Why it matters: The world is only months away from AI models dramatically accelerating cyber threats, Five Eyes leaders warned Monday.
- Yet preparations are being slowed by Washington infighting and industry-wide confusion over how to measure AI risk.
Driving the news: A new Chinese open-source model, GLM-5.2, rocked the internet this weekend with its ability to match the agentic capabilities of models like Anthropic's Opus 4.8 — garnering praise from Silicon Valley elites and raising questions about just how quickly China will close the gap.
- At the same time, the Trump administration is still debating the best way to release Anthropic's Fable 5 and Mythos 5 models over safety and national security concerns.
The big picture: The biggest disagreement in AI security right now isn't whether China is catching up — it's how quickly.
- Stanford's AI Index Report suggests Chinese models rapidly caught up in quality over the past year and have largely erased the U.S. advantage.
- Former White House AI czar David Sacks said just this month that the U.S. only has a six- to nine-month lead on China.
- But others argue that benchmark gains alone don't mean China has solved the compute and infrastructure challenges needed to truly compete at the frontier.
What they're saying: "It is quite possible they have things privately that are really, really good, and [it] is arrogant and foolish of us to think that just because we're American that we've got the best stuff," Alex Stamos, former Facebook security leader, told Axios last week.
- He added that Chinese military hackers are likely "laughing hilariously right now at the Americans fighting between themselves and cutting each other off left and right."
Threat level: Officials and lawmakers fear China could use powerful AI systems to beef up surveillance, cyber operations and military decision-making.
- China's embrace of open-source models could also make its AI ecosystem more economically attractive globally, particularly for companies seeking alternatives to expensive U.S. frontier models.
Between the lines: Much of the debate isn't about what Chinese models can do today. It's about the risk of being surprised tomorrow.
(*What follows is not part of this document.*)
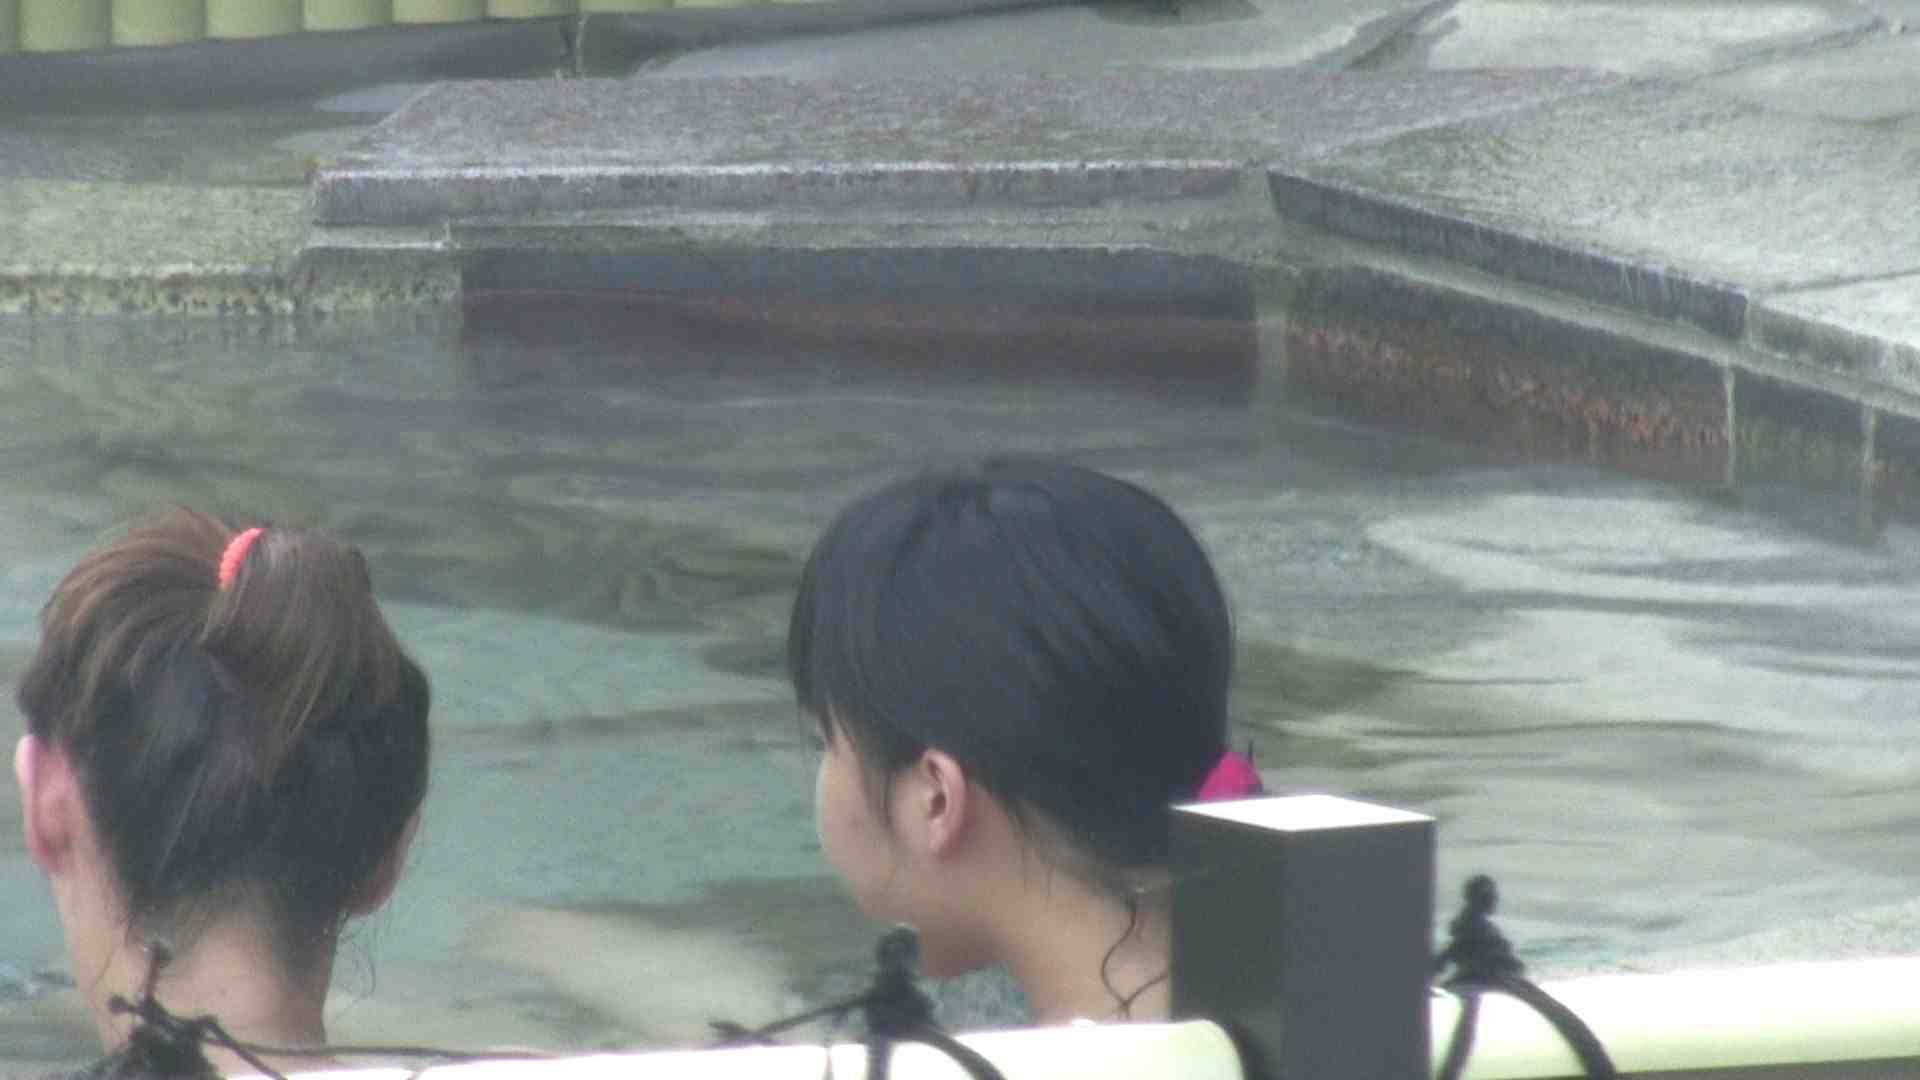 Aquaな露天風呂Vol.196 HなOL | 盗撮  91pic 29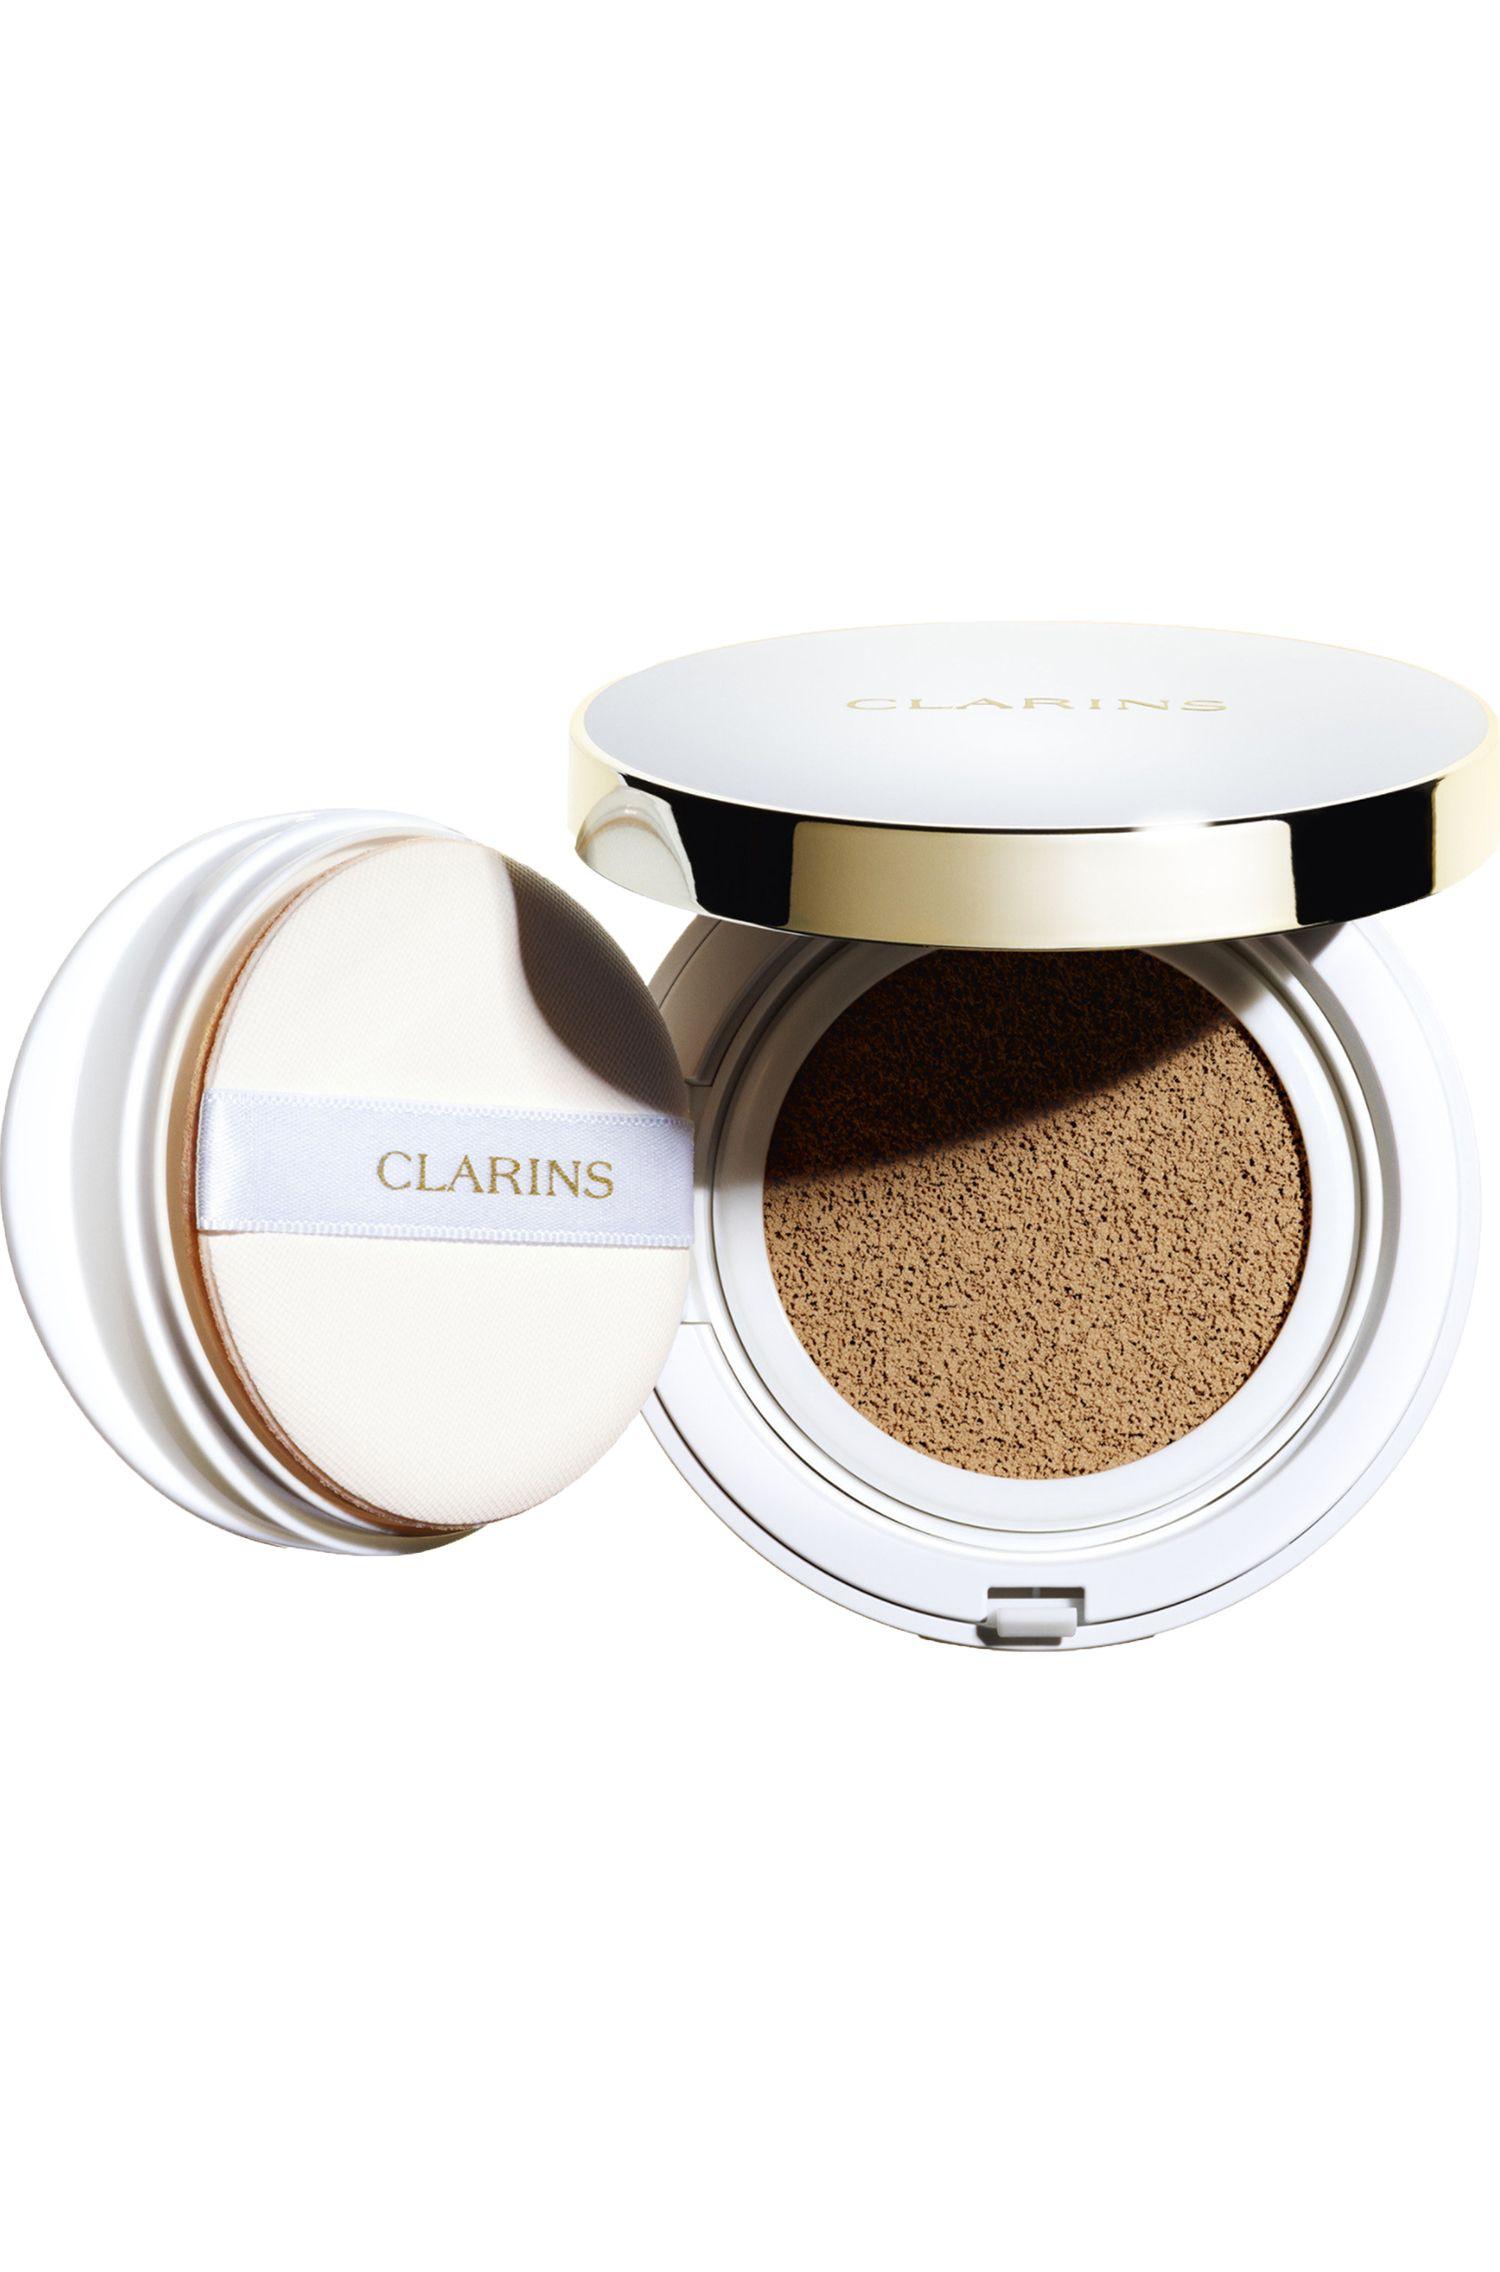 Blissim : Clarins - Fond de teint Cushion longue tenue SPF50 - 108 Sand

- One open-source security researcher, who requested anonymity because he was not authorized by his employer to speak publicly, told Axios he uses the frontier models to understand how capabilities like persuasion, social engineering and vulnerability discovery are evolving.
- He's worried that as Chinese models improve, restricting access to cutting-edge U.S. systems could leave defenders with fewer ways to anticipate what's coming next.
Yes, but: Not everyone believes China's progress represents an imminent threat to U.S. AI leadership.
- China lacks the "bleeding-edge chips" and vast amounts of data needed to develop a competitive frontier AI model, Pukar Hamal, founder and CEO of SecurityPal AI, told Axios.
- "Who has access to the most chips and most data? It's American companies, so far," he added.
Reality check: Researchers can already find many of the bugs that advanced models like Mythos are finding without using the models, which often are more costly and difficult to gain access to.
- AI-powered security firm Aisle claimed last week that its agentic capabilities are outperforming Mythos in several tests already.
What to watch: OpenAI just made its cyber model, GPT-5.5-Cyber, more permissive and capable. On key benchmarks, it outperforms Anthropic's Mythos 5.